Because of this uninviting heat, our schedules around the farm have shift slightly the past 2 days. During the 12:30-3 lunch “siesta”, we eat a healthy farm lunch, take a 15 minute power nap, make phone calls, box eggs, purchase animal feed at the mill and think of more projects outside! I’m even writing the newsletter now, instead of at 11 pm! After the siesta, we’ll check up on the farm animals and head back out for more garden work.
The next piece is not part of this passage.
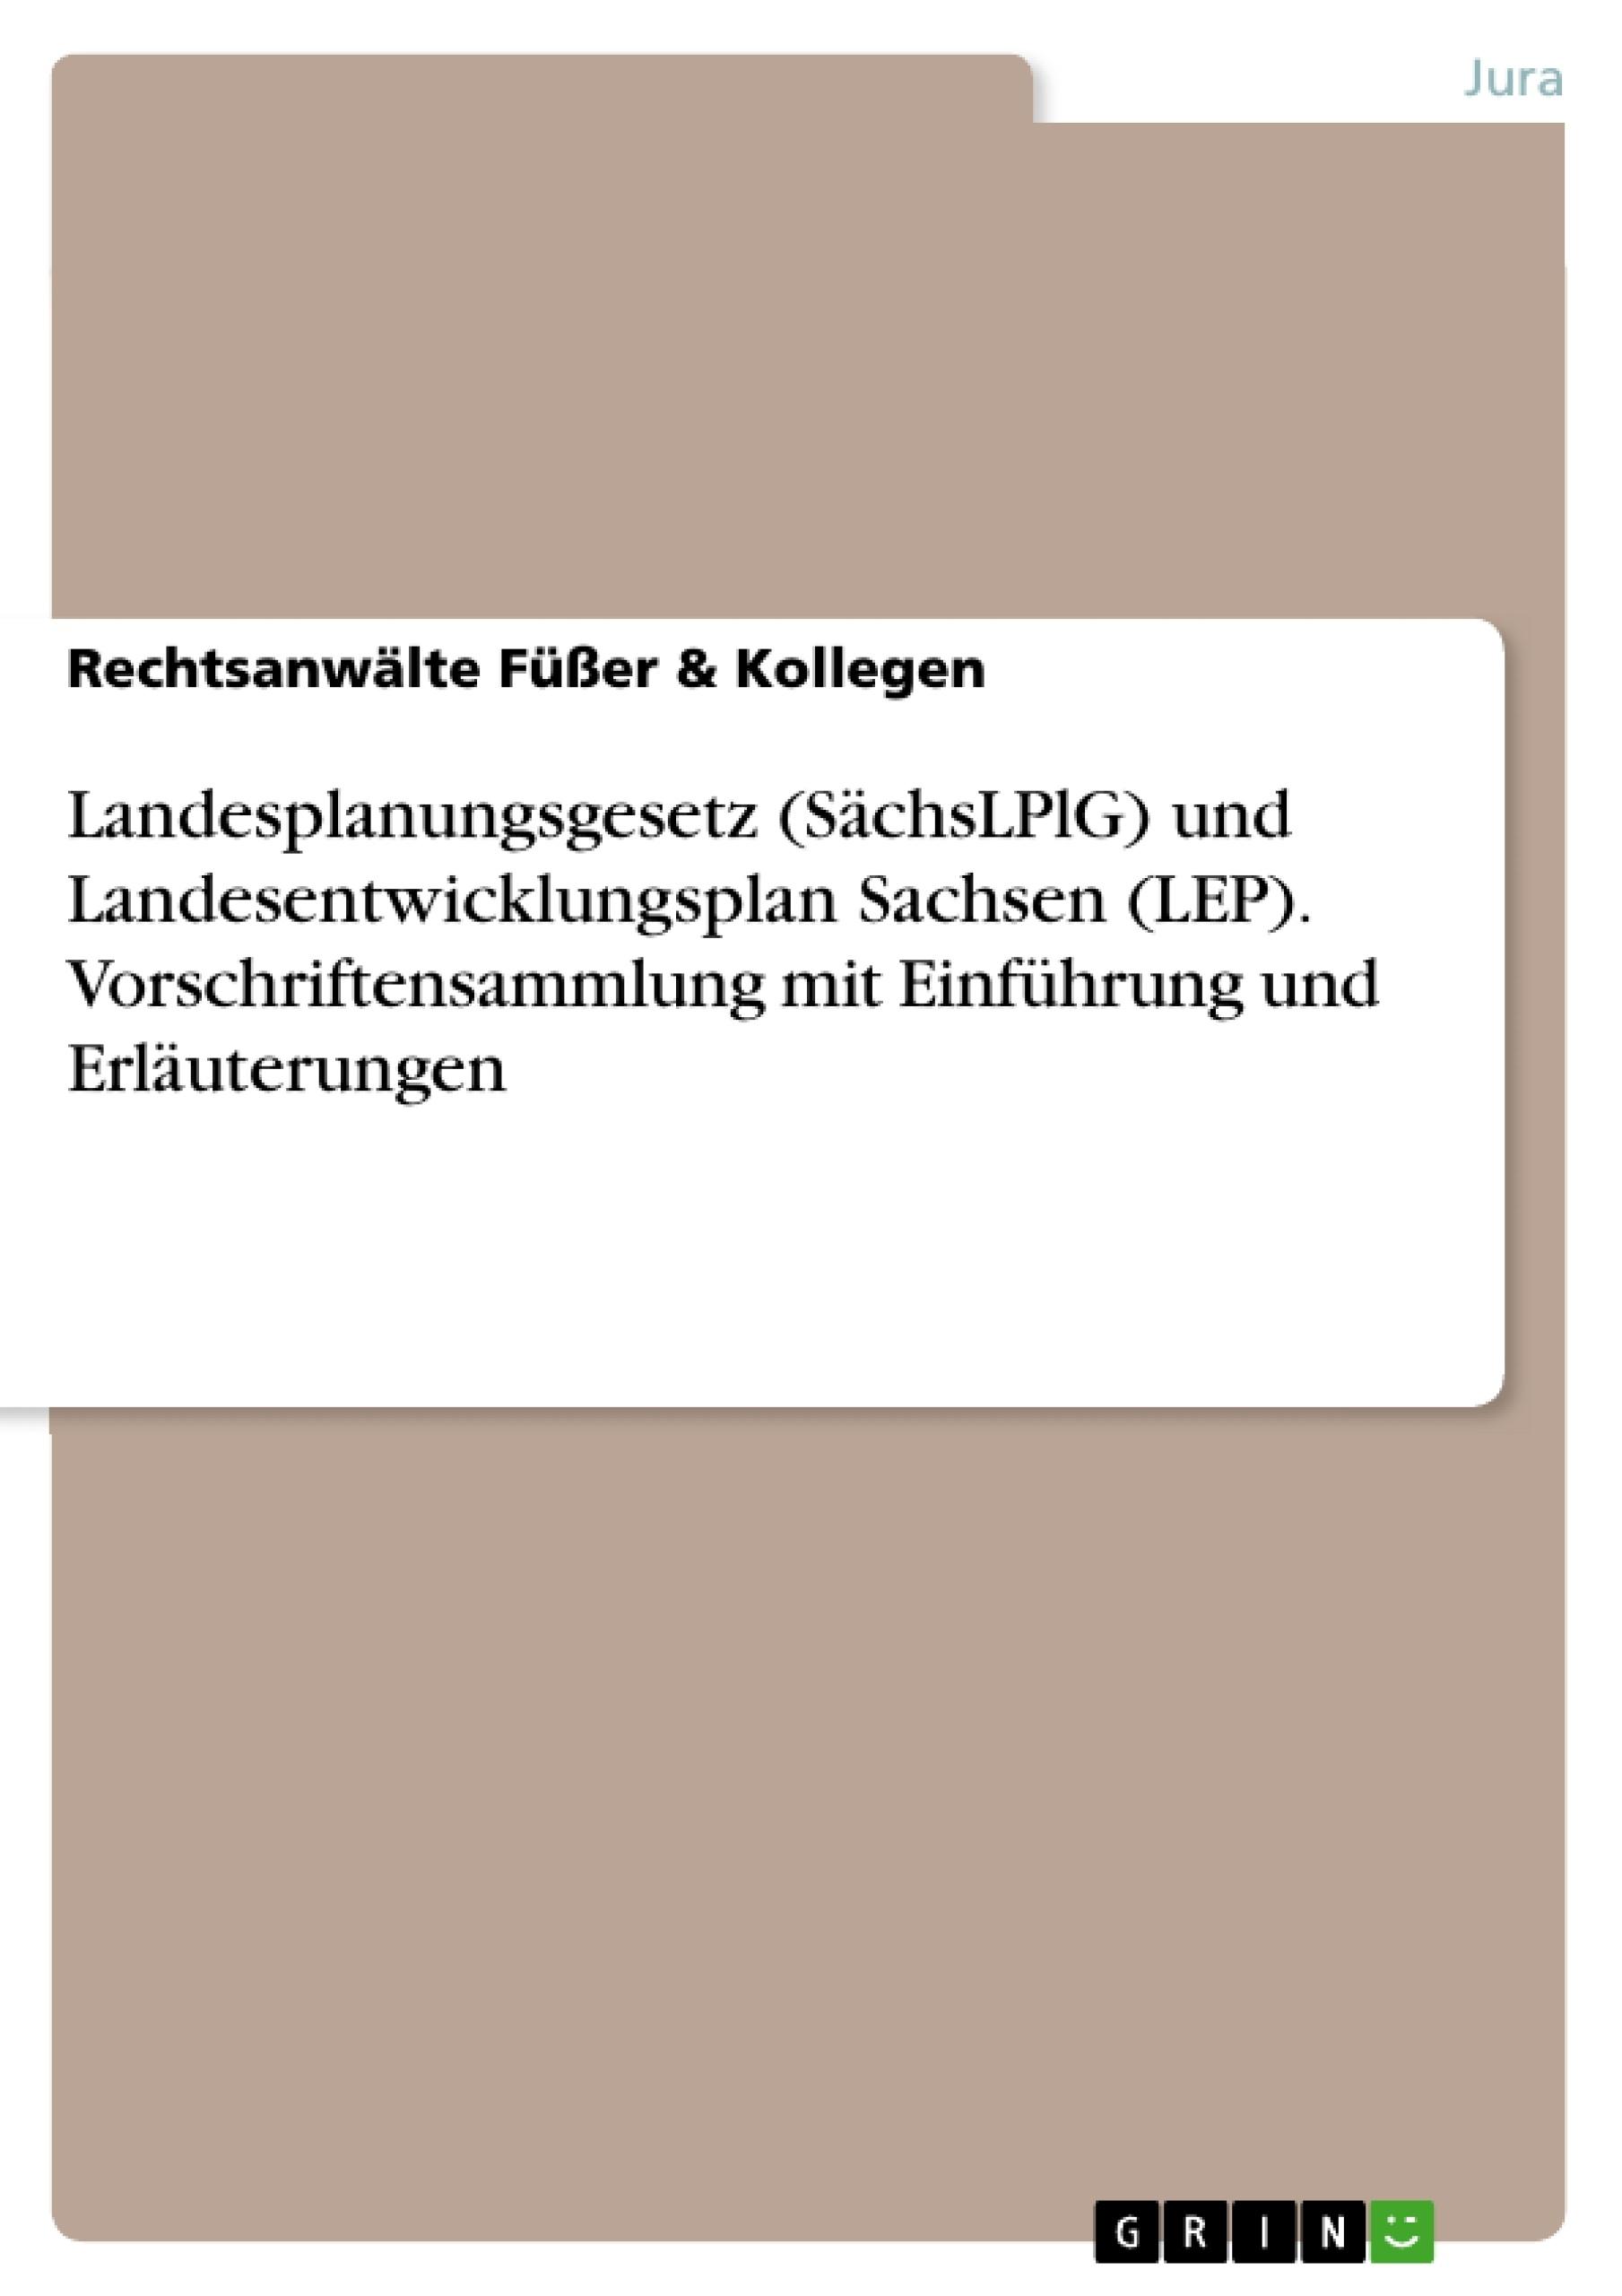 Titel: Landesplanungsgesetz (SächsLPlG) und Landesentwicklungsplan Sachsen (LEP). Vorschriftensammlung mit Einführung und Erläuterungen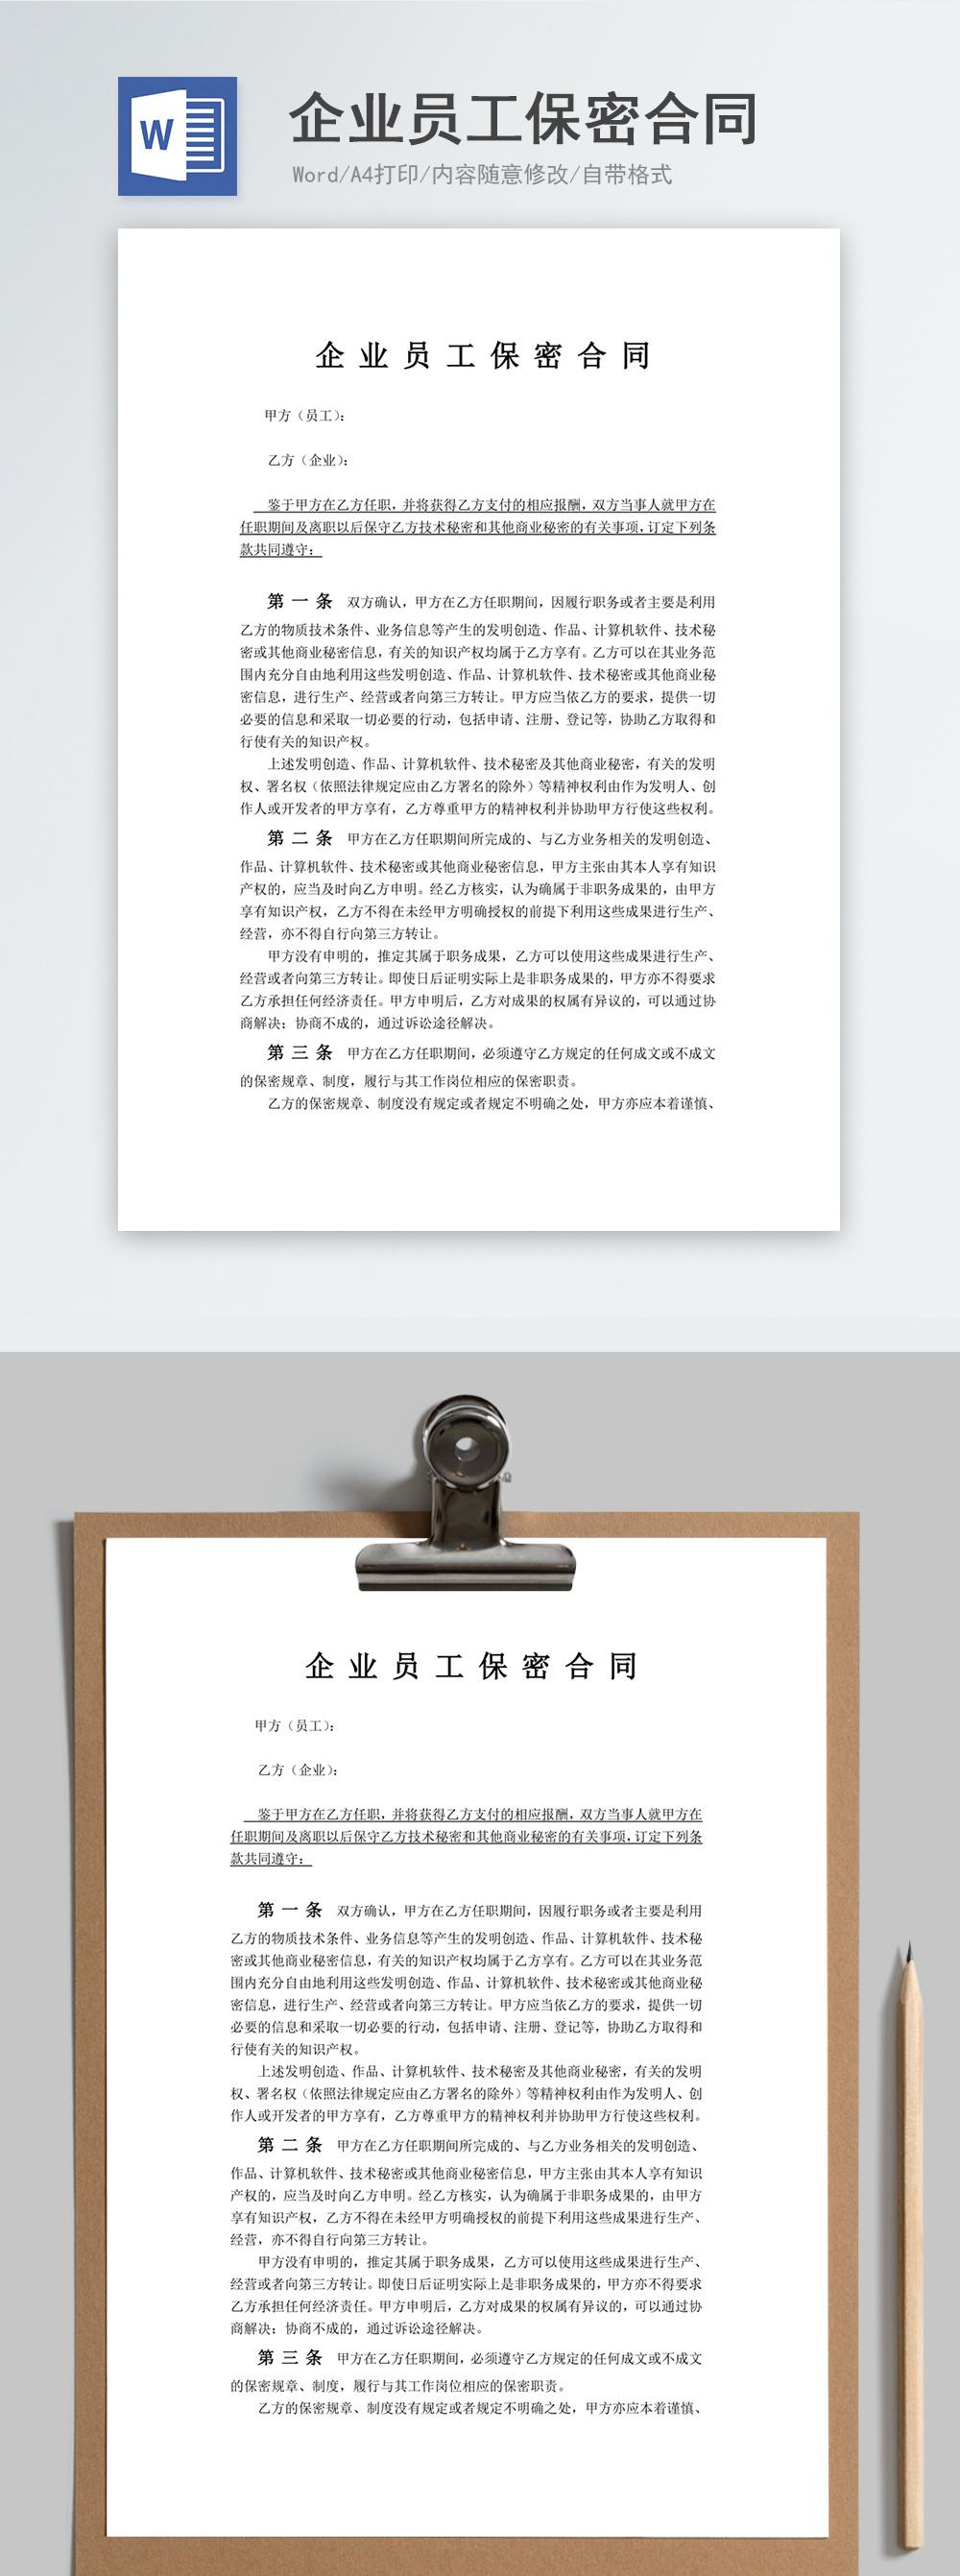 企业员工保密合同模板图片

The life of a pea plant is ephemeral. T he vigorous vines twirl upward and the little tendrils unfurl, revealing delicate white flowers. Will Coffey, CSA member and volunteer extraordinaire, ate one of the first 3 peas that we harvested last Wednesday. We had to search hard for those first peas. Today, just one week later, we harvest 30 pounds of sugar snap peas from the plants! Enjoy them while you can- we don’t think there will be much of a harvest next week due to the suffocating heat killing the flowers.

Sugar Snap Peas- Enjoy raw or lightly cooked. Remove the string on larger peas before cooking.

Arugula- Probably the last arugula until the fall.

Baby Lettuce Mix-

Head Lettuce, Green or Red Butterhead type-

Swiss Chard- Braised Swiss Chard with Asiago: Cook 1 clove garlic, 1 chopped onion, and chopped Chard stems over medium low heat in 3 tablespoons olive oil for 5 minutes. Add ¼ cup of water and chopped Chard leaves. Cover and cook until tender, about 5 minutes, stirring occasionally. Uncover, add a dash of lemon. Grate Asiago cheese or fresh Parmesan and toss over fettuccine.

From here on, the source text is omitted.